Black Box Science: Everything you wanted to know about the flight data recorder

Monday, January 12, 2015, 3:53 PM - News reports are flooding in about one of the flight data recorders from AirAsia flight 8501 now on its way to Jakarta after being recovered, with the other found trapped under heavy debris, but exactly what are these devices - typically called 'black boxes' - where are they located in the plane, what, exactly, can investigators learn from them, and might there be a better way of recovering this information?

'Black' Box?

The first detail to know about these devices is that they're not actually black. They're painted bright orange, so that they're easier to find amongst the debris of a crashed aircraft.

A flight data recorder (left) and a cockpit voice recorder (right). Credit: National Transportation Safety Board

'Black box' is an informal nickname for the flight data recorder because it describes how the data it contains treats the entire plane as if it's a black box system. That is to say, one where the interior workings of the system aren't important to find out what happened - the inputs into the system, along with the system outputs are enough to figure anything out. In the case of an aircraft, the inputs would be the actions of the pilots, while the outputs would be the data displayed on the pilots' instrument panel.

More than one, and more than one kind

At one time, there was only the one 'black box' on any flight. These days, though, there are usually two, as shown above. The flight data recorder handles the inputs and outputs of the aircraft - the positions of the wing flaps (used to change how much lift the wing generates), the aileron (the small flap-like parts closer to the tips of the winds, which help the plane bank or roll), and the rudder, the position of the landing gear, and the speed of the engines - while the cockpit voice recorder keeps at least a two hour record of everything said inside the aircraft's cockpit. While just one of these can provide a good amount of information to investigators, having both available greatly increases their chances of discovering the cause of the accident.

Tough Enough

With the invaluable information these recorders contain, they are built to withstand some extreme conditions.

The interior workings of the recorder look like a fairly standard computer, with a processor, circuit boards and power supply.

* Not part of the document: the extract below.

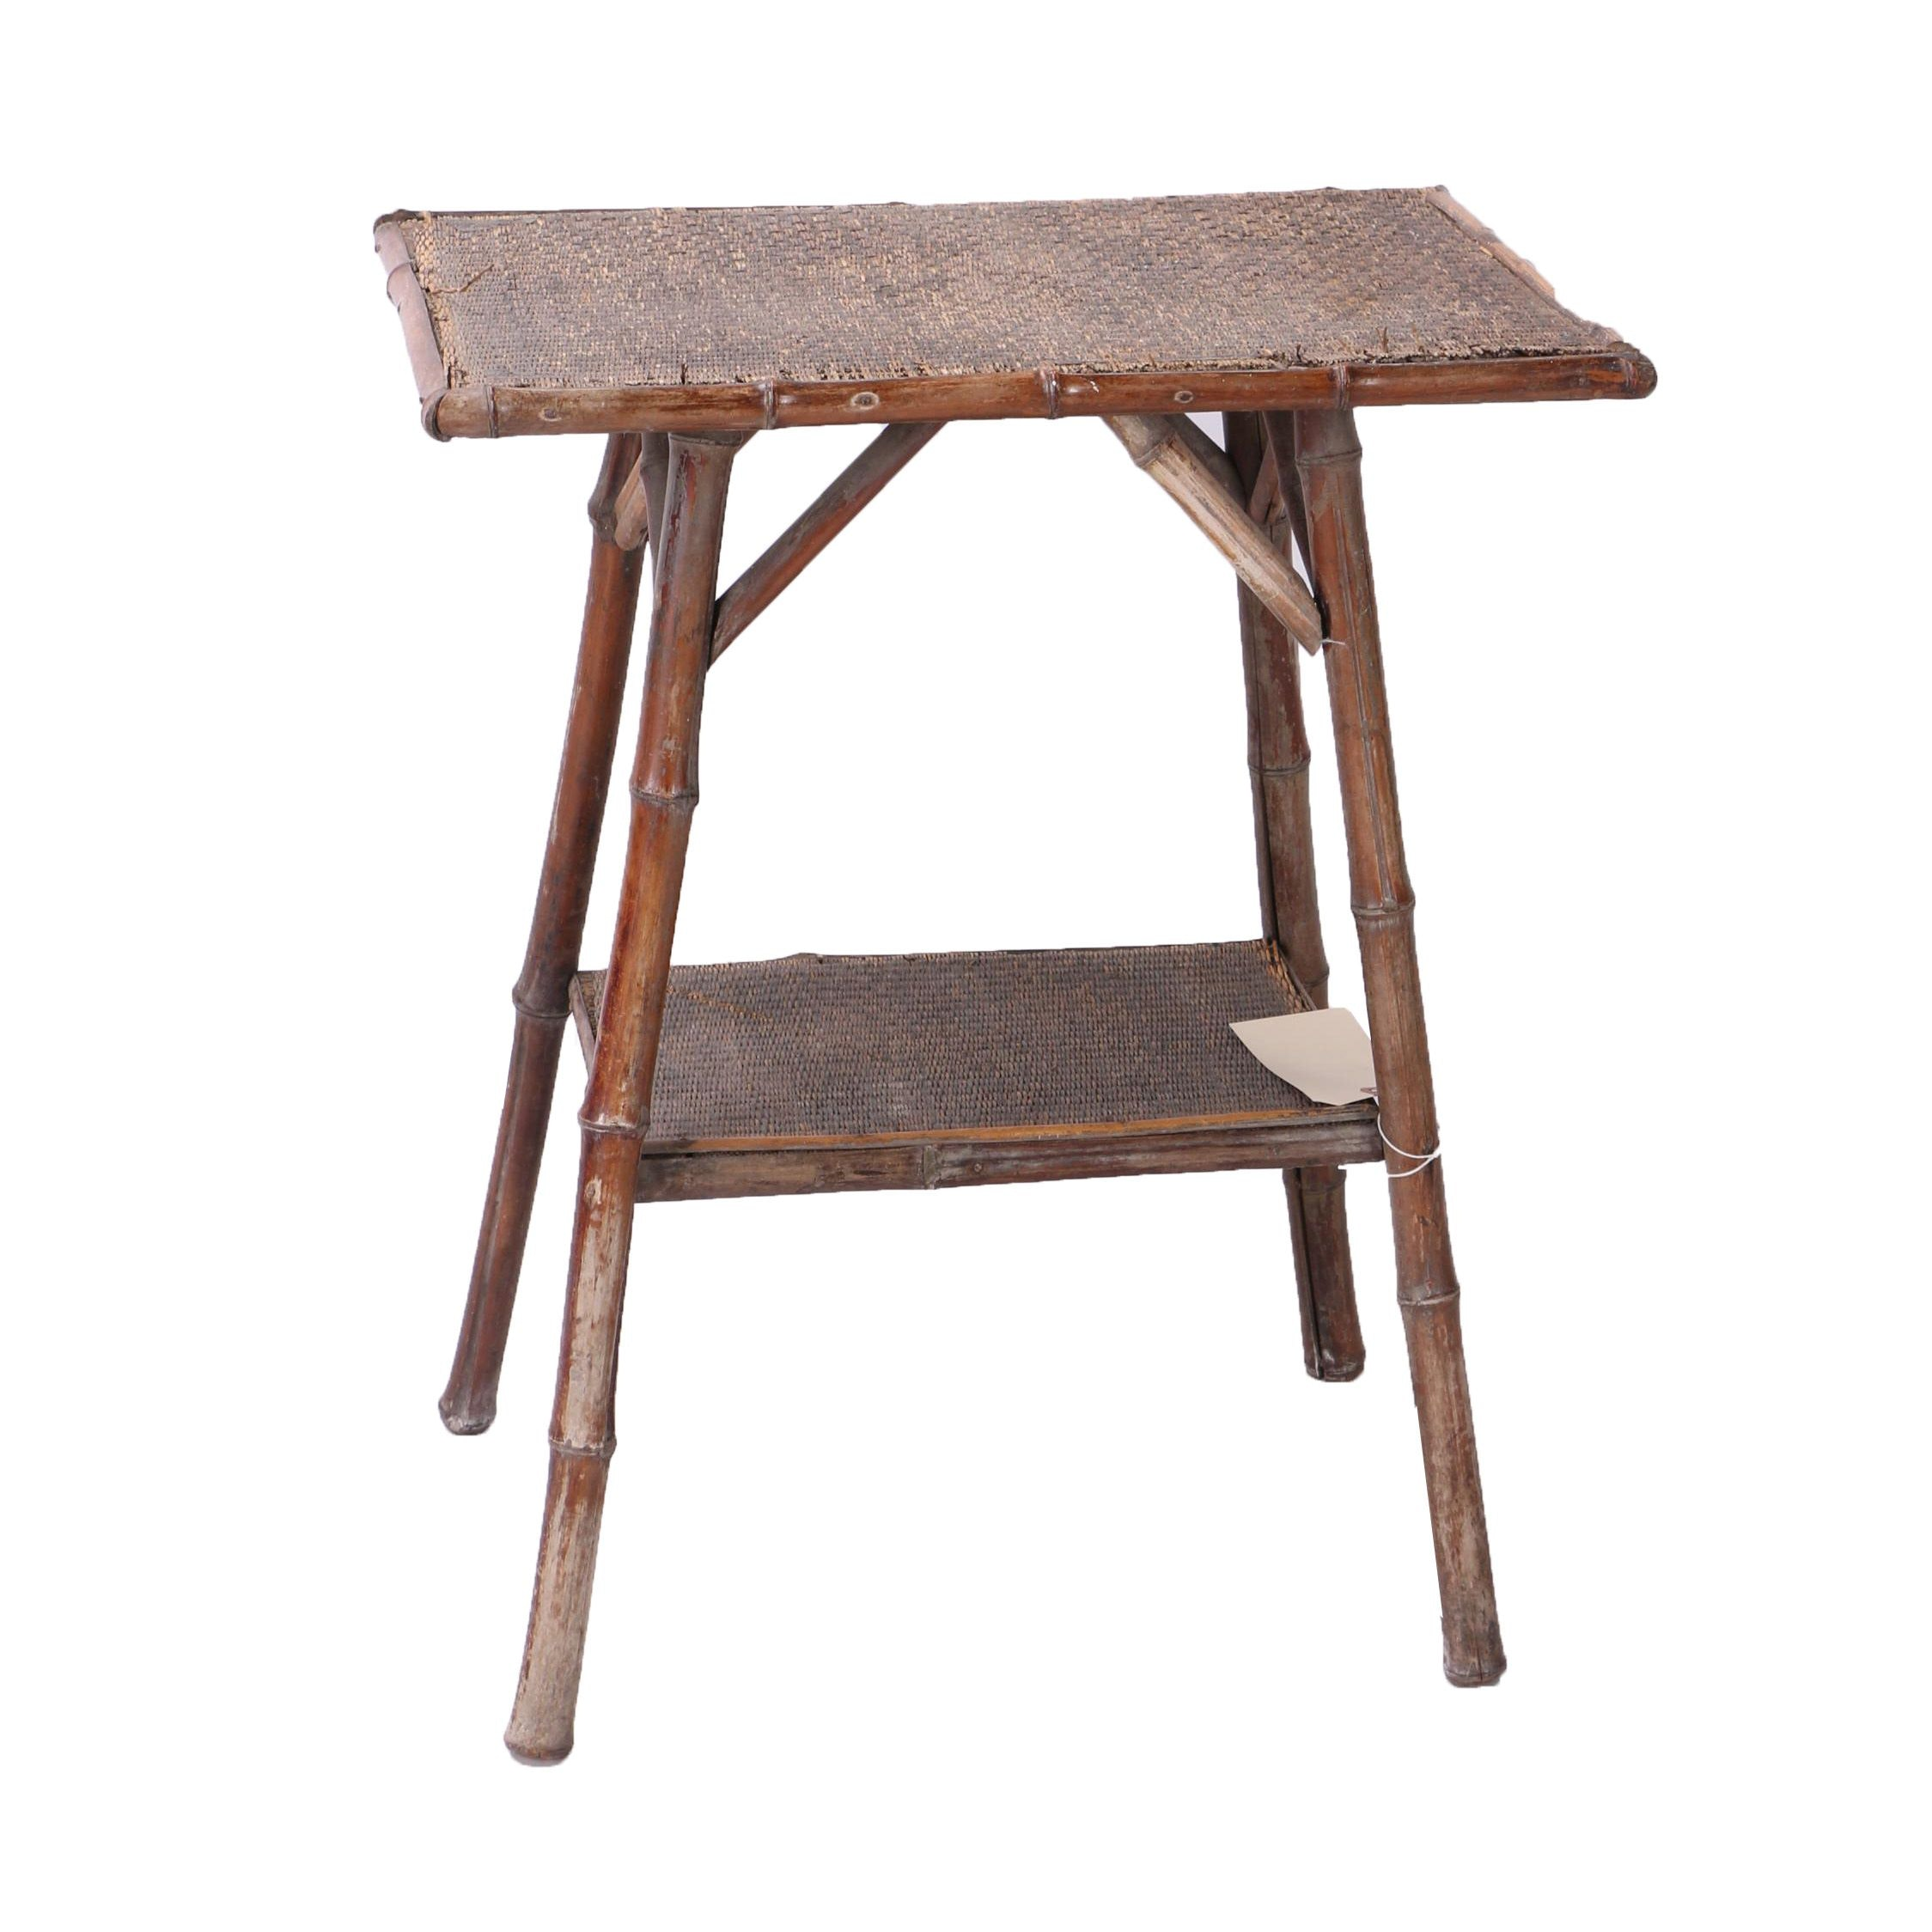 Woven Bamboo End Table

The inside of a flight data recorder. Credit: Wikimedia Commons

However, the exterior of the device is a hardened shell of either stainless steal or titanium, that can withstand the crushing forces of impact, and resist the corroding effects of exposure to sea water. Meanwhile, the memory module, which resides in the cylindrical section of the device, is not only wrapped in this metallic shell, but also a layer of insulation inside the shell to protect it from the intense heat of explosions and fires caused by jet fuel.

Maximum survival

Even with the sturdy construction, aircraft engineers leave nothing to chance when it comes to recovering these data recorders.

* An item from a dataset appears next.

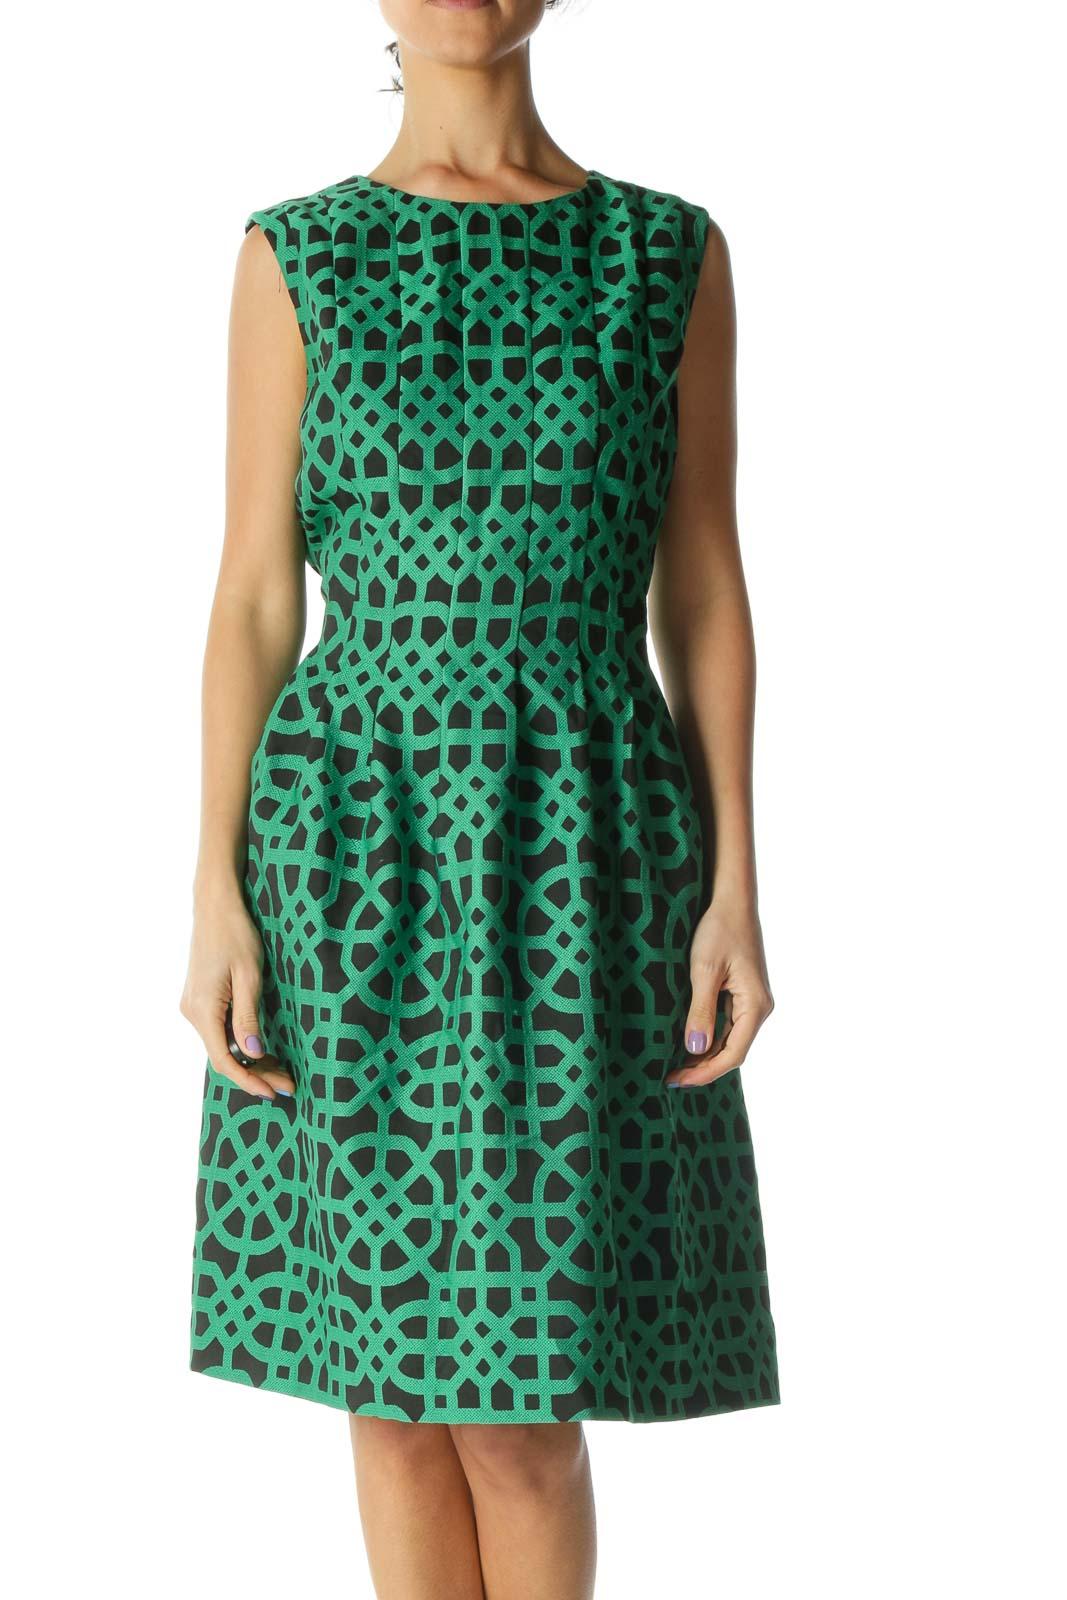 Green Black Pleated Dress

In order to reduce the impact of the forces that the recorders are subjected to, both the flight data and cockpit voice recorders are bolted into the tail of the aircraft. This works on the assumption that the tail will experience the least amount of stresses (as the nose and fuselage will take the brunt of the impact) and thus be the most likely part of the aircraft to survive intact.

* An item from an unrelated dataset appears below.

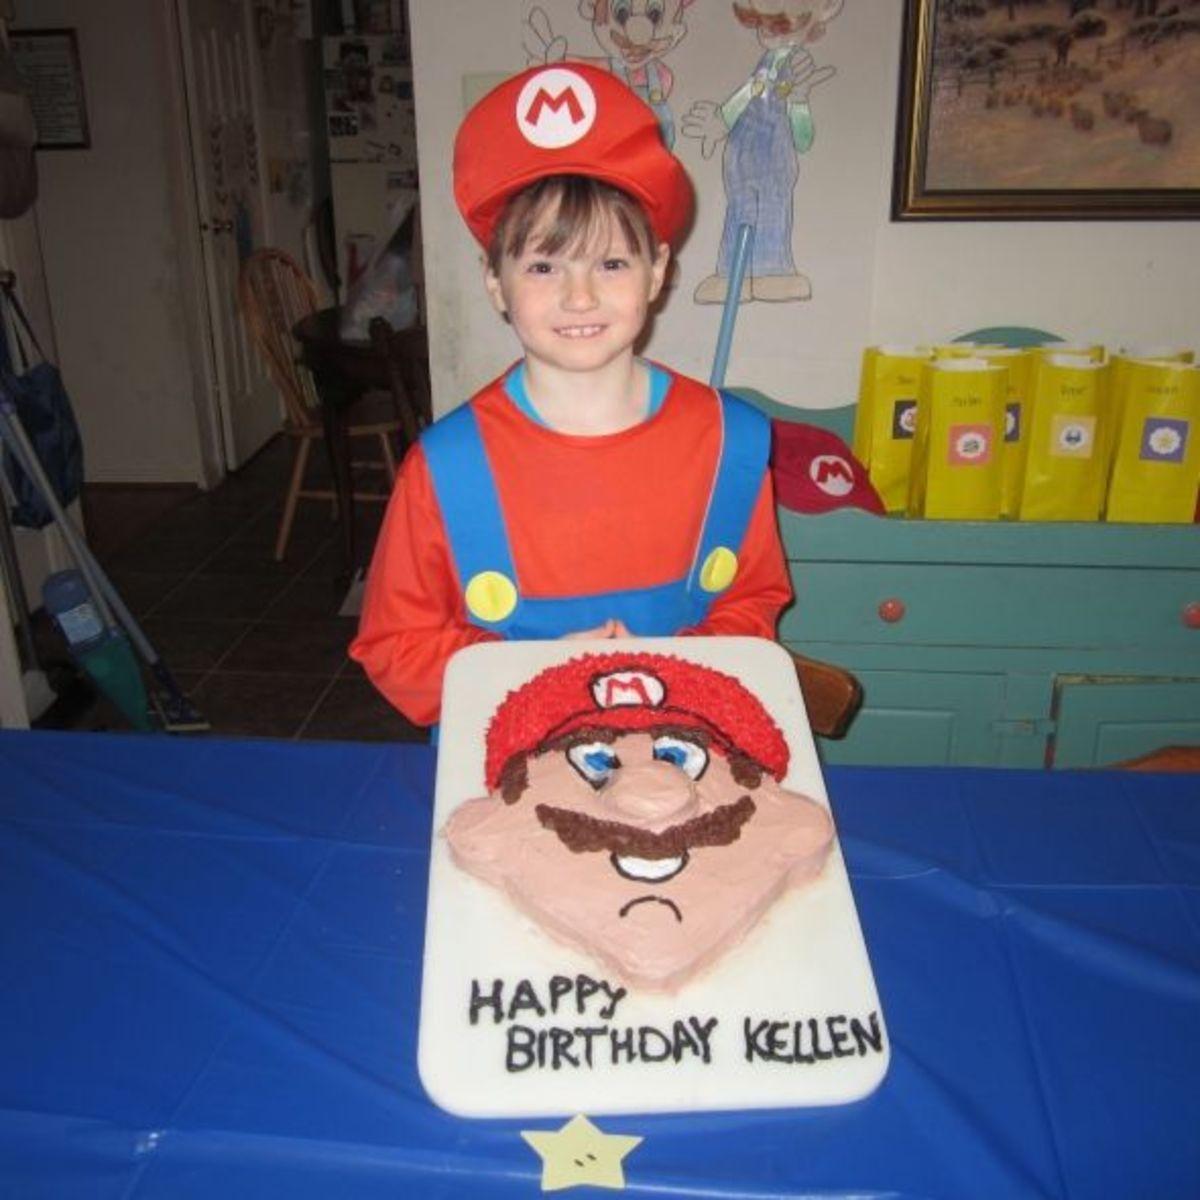 How to Make a Mario Birthday Cake

One of the times when the recorders are difficult to retrieve, no matter what, is the case of a water crash, when the wreckage sinks beneath the waves. However, each recorder is fitted with a radio beacon (the small silver cyclinder at the 'front' of the unit), which sends out a periodic 'ping' that search and rescue personnel can use to hone in on. Even this has its limitations, though, as the beacon only has a certain amount of battery power - typically lasting around 30 days. A month may seem like a sufficiently long time, but in the case of some crashes, like Air France Flight 447 in 2009 and Malaysia Airlines Flight 370, it can take significantly longer than that to find the wreckage and recover the recorders. In the case of Air France Flight 447, it wasn't until nearly two years after the accident that the recorders were located and brought to the surface. For Malaysia Airlines Flight 370, although there were several false alarms that they'd been located, the search continues even now, and may go on for some time before they're found.

A better way, perhaps?

With these kinds of limitations hampering the recovery of vital clues to the cause of flight accidents, there might be a better way to go about this, especially now, in the digital age.

Flyht Aerospace Solutions, a company based on Calgary, has designed a new type of flight data recording system, called FLYHTStream, which uses a device called the Automated Flight Information Reporting System (or AFIRS) to transmit the contents of a flight data recorder, as well as GPS data, when the aircraft experiences an in-flight accident.